Interview With The Vampire — both the book and the 1994 movie — have had a huge effect on the vampire genre; for better or worse, you don’t get Twilight or The Vampire Diaries without Interview and it’s more angsty take on bloodsuckers. Now, an Interview TV show is the first of several series AMC plans to make from Anne Rice’s Vampire Chronicles, which number 13 novels and counting. AMC also has the rights to Rice’s Mayfair Witches series, so we could be in for a whole lotta spooky TV in the years to come.

Anne Rice is “on board” with changes made to Interview With The Vampire

But adaptation means changes, as Taylor explained to Den of Geek. “[Interview showrunner] Rolin Jones has made some changes that I think deepen and do some very intriguing things with the basic story,” he said. “We’re working with the Rice estate and they’re on board with it. I think we’re carrying the original appeals of the novel, but we’re also making some changes that make it worth exploring again.”

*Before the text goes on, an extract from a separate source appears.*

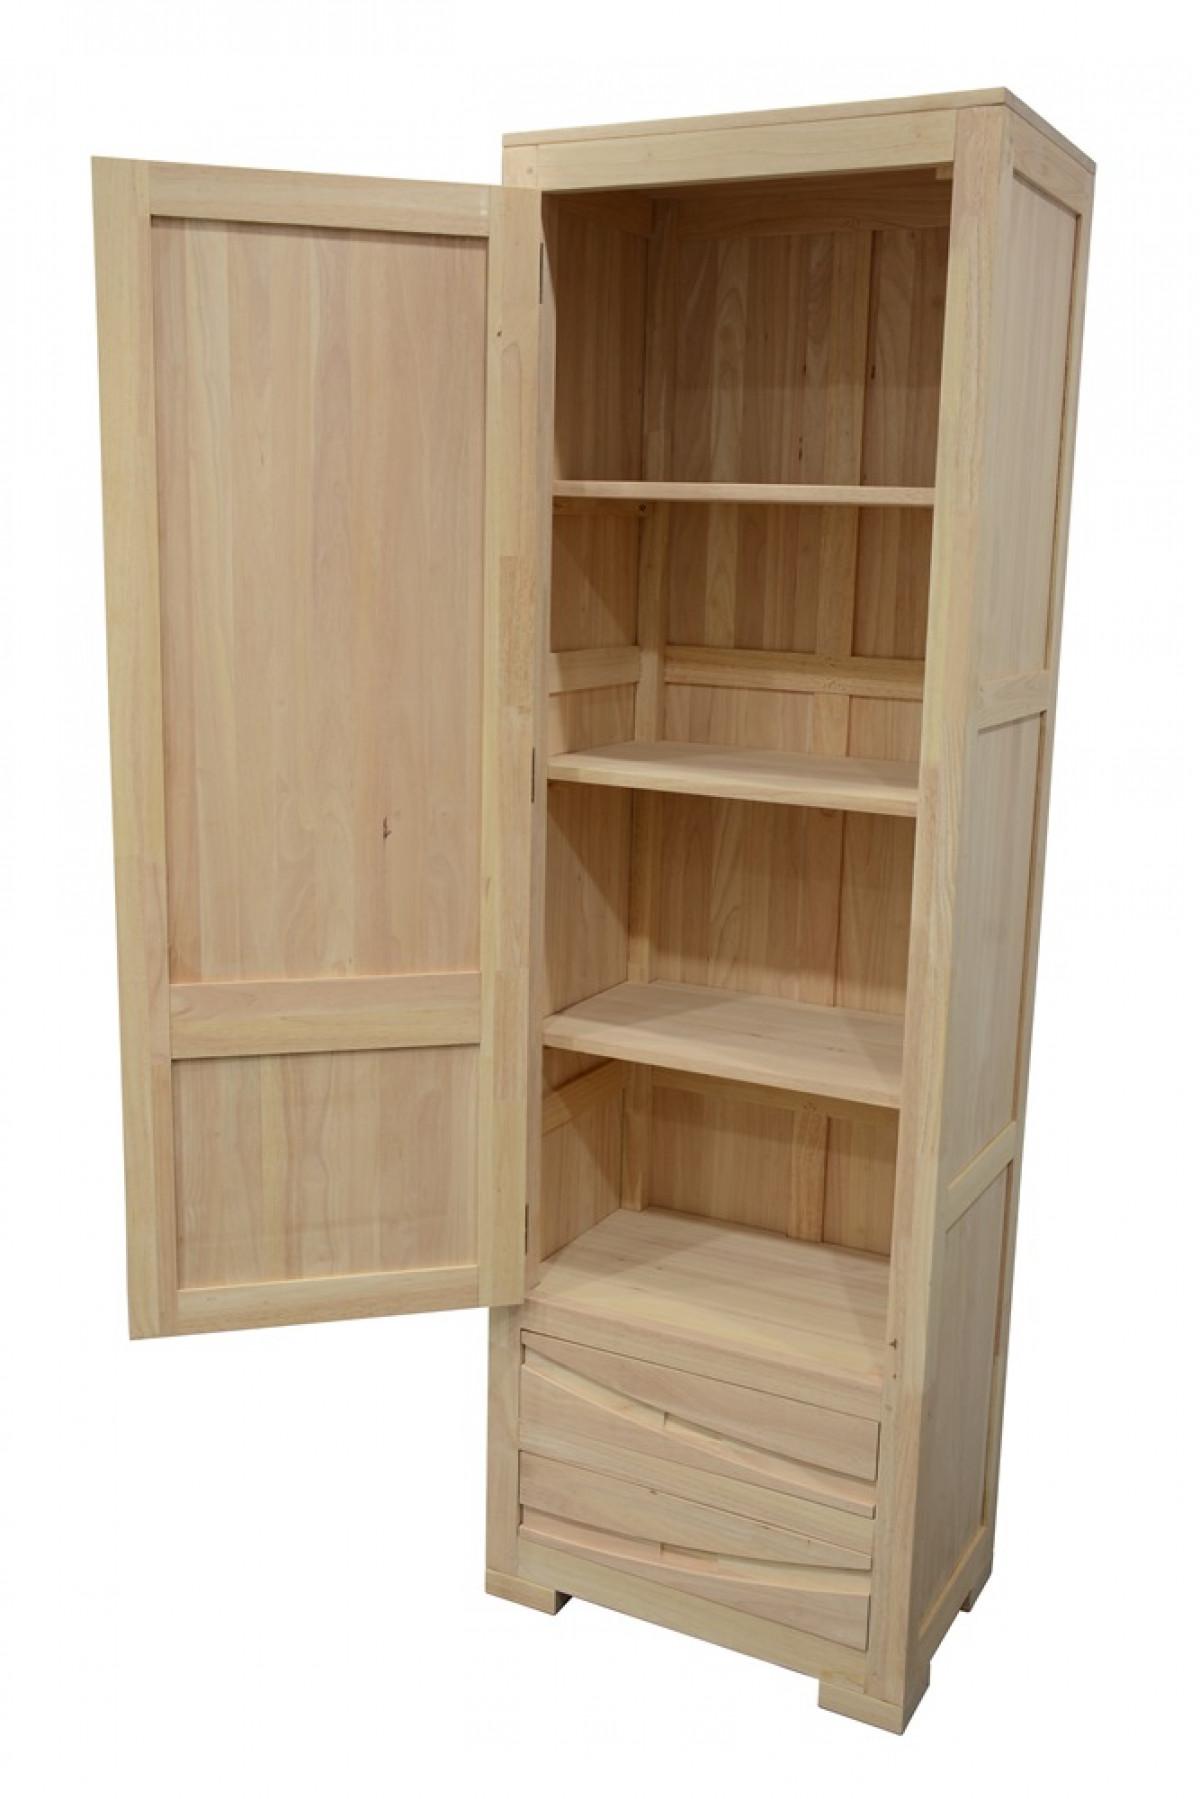 armoire bois 1 porte wakae

"I signed up for it because I loved her book so much. I remember I just moved to New York when I read Interview With A Vampire, and it kind of blew my mind. The feeling I got from the book was: ‘Okay, you’ve seen a bunch of vampire stories, but that’s all bullshit. Here’s the truth. This is the real thing.’"

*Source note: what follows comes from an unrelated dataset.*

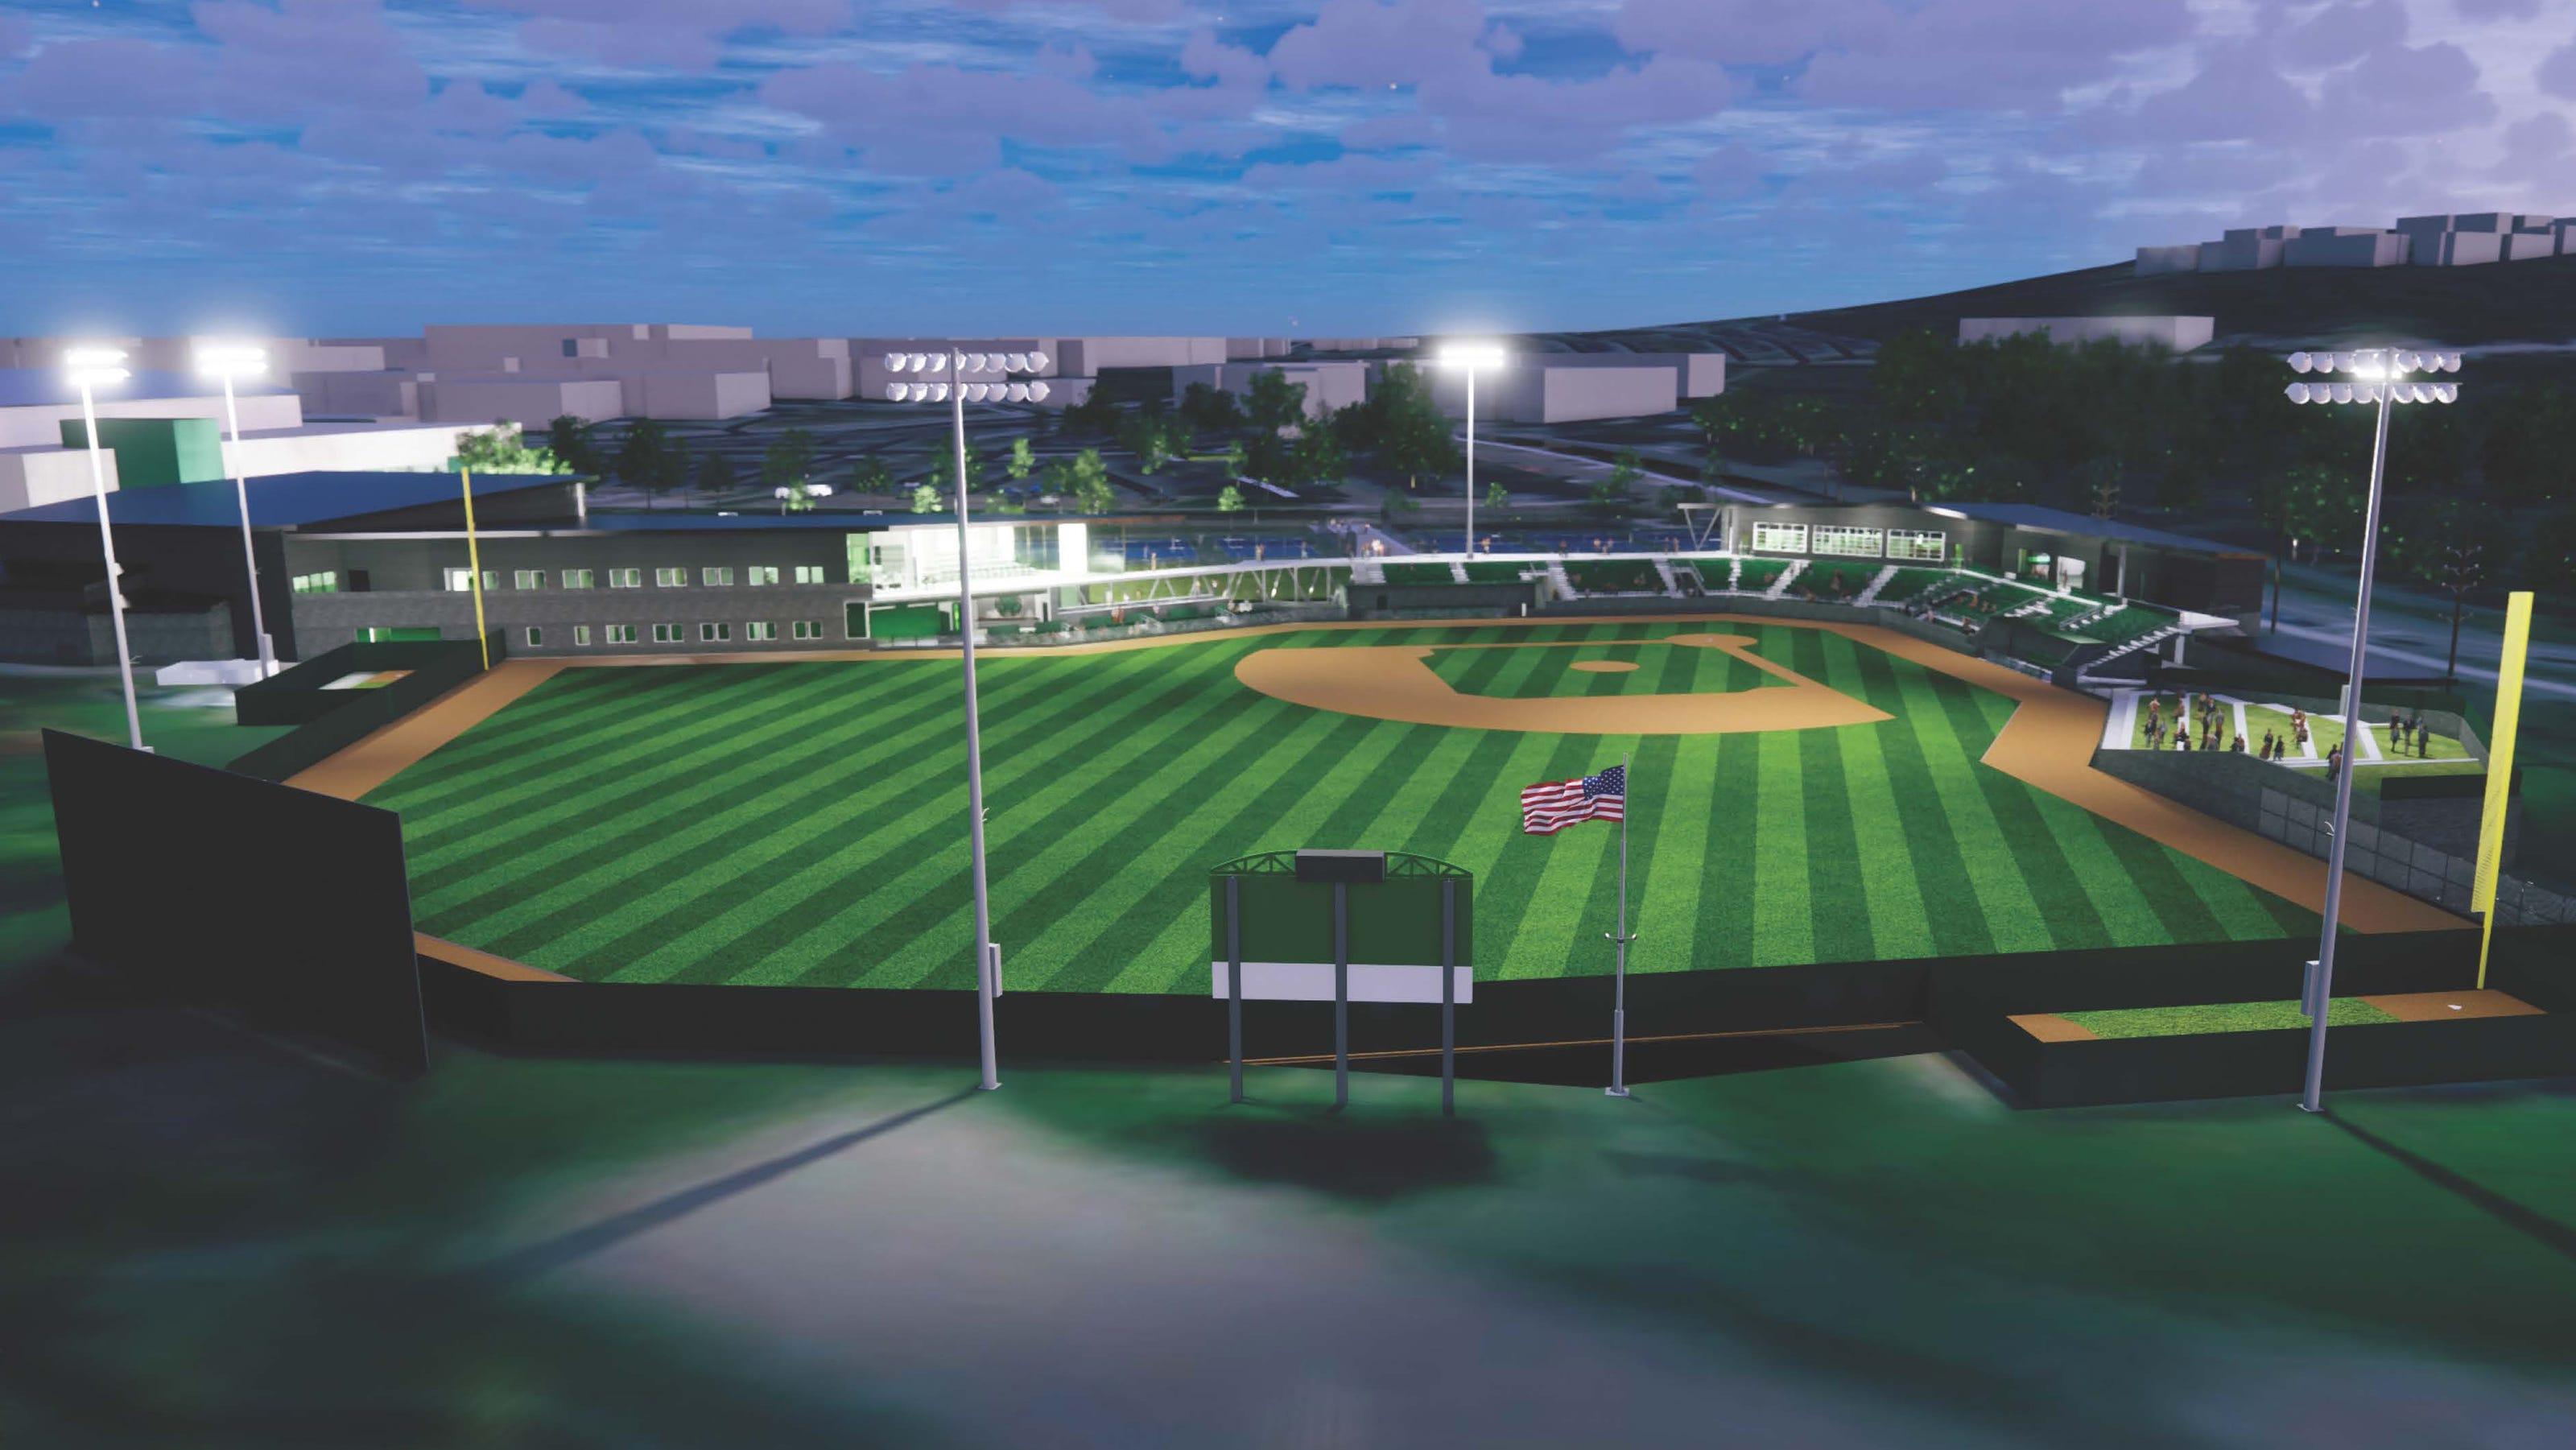 Binghamton University Receives 60m For Baseball Facilities

Interview With the Vampire is about a pair of vampires — the French aristocrat Lestat de Lioncourt (Sam Reid) and the neophyte Louis de Pointe du Lac (Jacon Anderson) who grow a kind of vampire family for years. I suppose they would need to add some things to stretch the novel out to a whole season of television, although I wonder if at least some of the changes don’t have to do with integrating the show into whatever Anne Rice Cinematic Universe they’re planning.

Look out for Interview With The Vampire to debut on AMC sometimes in 2022.